4.13 Tangible Personal Property.
--------------------------
(a) Schedule 4.13 sets forth all leases of personal or
moveable property ("Personal Property Leases") relating to personal
property used or useable in the operation of the Stores or the
Business. National and the Shareholders have delivered or otherwise
made available to the Purchaser true, correct and complete copies of
the Personal Property Leases, together with all amendments,
modifications or supplements thereto.
(b) National and each of its Subsidiaries has a valid
leasehold interest under each of the Personal Property Leases under
which it is a lessee, subject to applicable bankruptcy, insolvency,
reorganization, moratorium and similar laws affecting creditors'
rights and remedies generally and subject, as to enforceability, to
general principles of equity (regardless of whether enforcement is
sought in a proceeding at law or in equity), and there is no default
under any Personal Property Lease by National or any Subsidiaries or,
to the best knowledge of National or any of the Shareholders, by any
other party thereto, and no event has occurred that with the lapse of
time or the giving of notice or both would constitute a default
thereunder. Each of the items of tangible personal property having a
value greater than C$1,000 used by National or any of its Subsidiaries
under the Personal Property Leases is in good condition and repair
(ordinary wear and tear excepted) and is suitable for the purposes
used.
(c) National and each of its Subsidiaries has good and
marketable title to all of the items of tangible personal or moveable
property reflected in its respective Balance Sheet (except as sold or
disposed of subsequent to the date thereof in the ordinary course of
business consistent with past practice), free and clear of any and all
Liens other than the Permitted Exceptions. All such items of tangible
personal or moveable
property which, individually or in the aggregate, are material to the
operation of the Stores and the Business are in good condition and in
a state of good maintenance and repair (ordinary wear and tear
excepted) and are suitable for the purposes used.
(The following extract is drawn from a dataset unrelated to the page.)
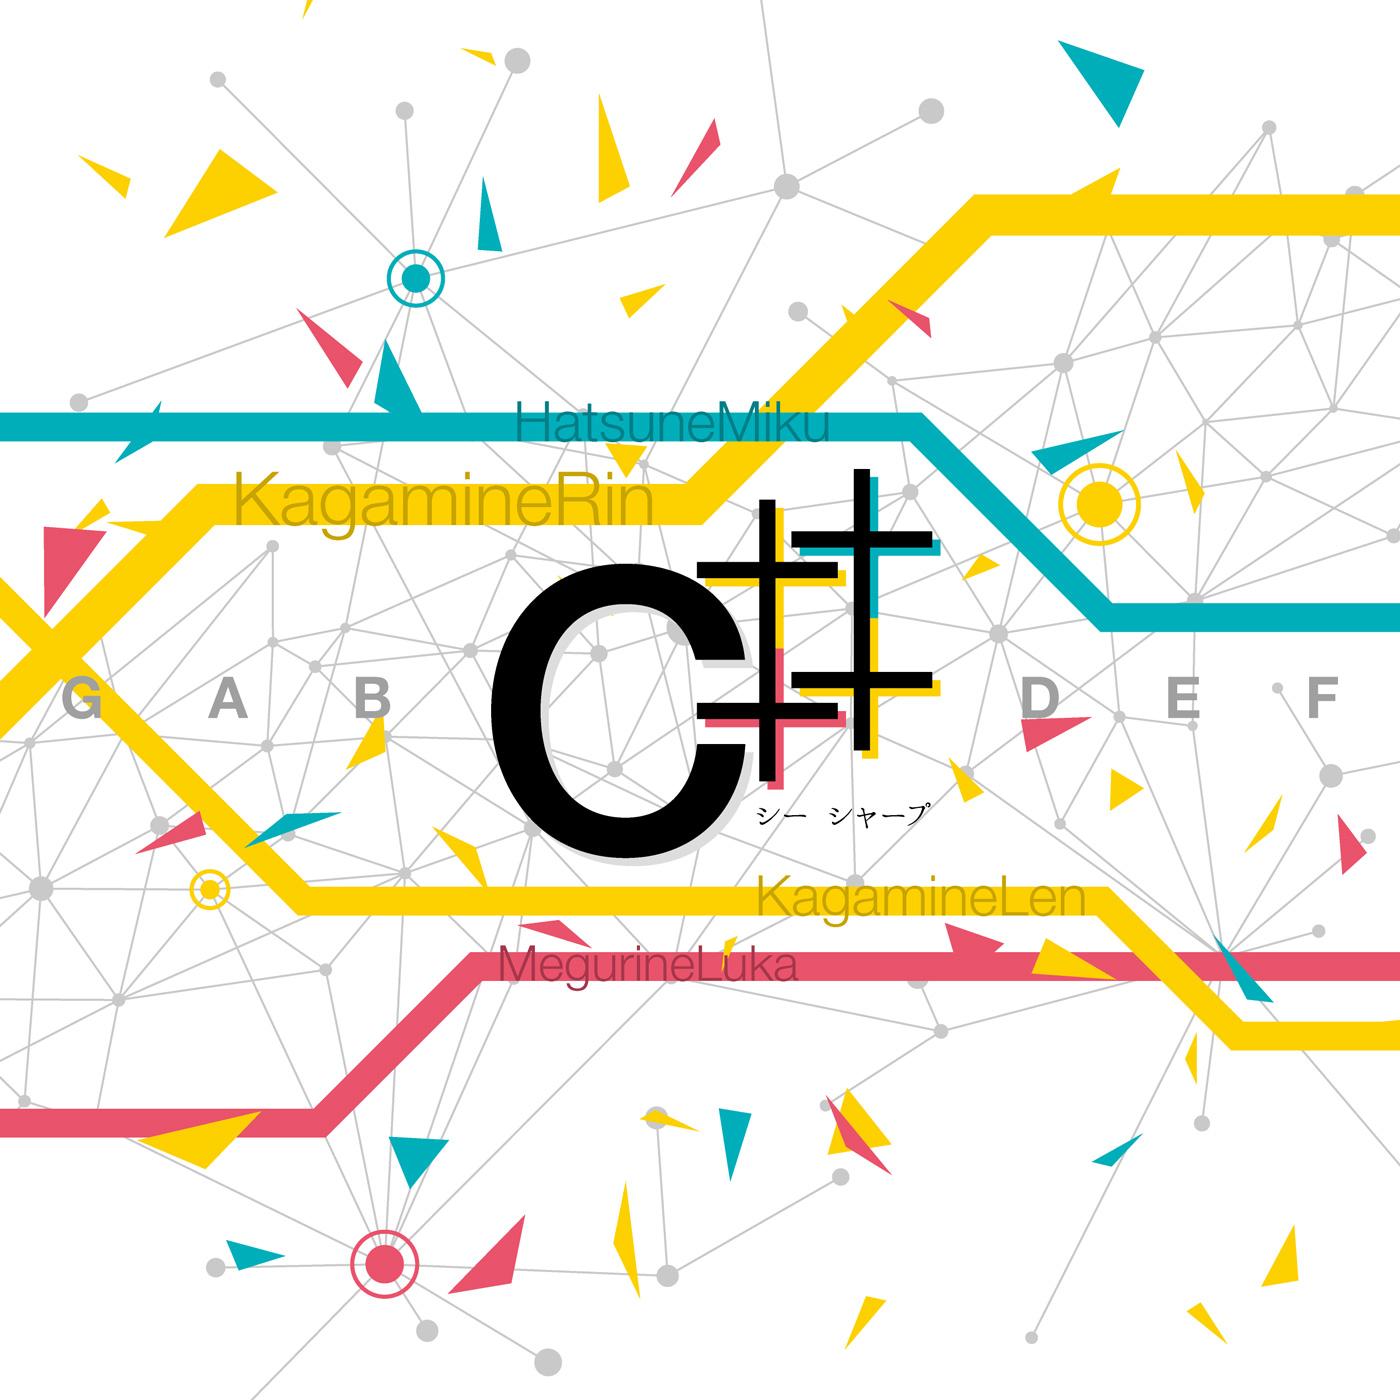 C++++ (album)

(d) Each of National and the Subsidiaries owns (or leases
from unaffiliated Persons) all tangible property necessary to conduct
its respective business as conducted on the date hereof.
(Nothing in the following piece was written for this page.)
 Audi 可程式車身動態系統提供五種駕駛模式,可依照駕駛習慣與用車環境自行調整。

4.14 Intangible Property. Schedule 4.14 contains a
-------------------
complete and correct list of each patent, patent license, trademark,
trade name, trade secret, trade secret right, computer program,
software, service xxxx, brandmark, brandname and copyright owned or
used by National and/or any of its Subsidiaries as well as all
registrations thereof and pending applications therefor, and each
license or other agreement relating thereto. Each of the foregoing is
owned by the party shown on such Schedule as owning the same, free and
clear of all Liens and is in good standing and not the subject of any
challenge. There have been no claims made and none of the
Shareholders, National or any Subsidiary has received any notice or
otherwise knows or has reason to believe that any of the foregoing is
invalid or conflicts with the asserted rights of others. National and
each Subsidiary possesses all patents, patent licenses, trade names,
trademarks, trade secret rights, computer programs, software, service
marks, brand marks, brand names, copyrights, know-how, formulae and
other proprietary and trade rights necessary for the conduct of its
business as now conducted, not subject to any restrictions and without
any known conflict with the rights of others and neither National nor
any Subsidiary has forfeited or otherwise relinquished any such
patent, patent license, trade name, trademark, trade secret right,
computer program, software, service xxxx, brand xxxx, brand name,
copyright, know-how, formulae or other proprietary right necessary for
the conduct of its business as conducted on the date hereof. Neither
National nor any Subsidiary is under any obligation to pay any
royalties or similar payments in connection with any license to any
Shareholder, any Affiliate thereof or any other person.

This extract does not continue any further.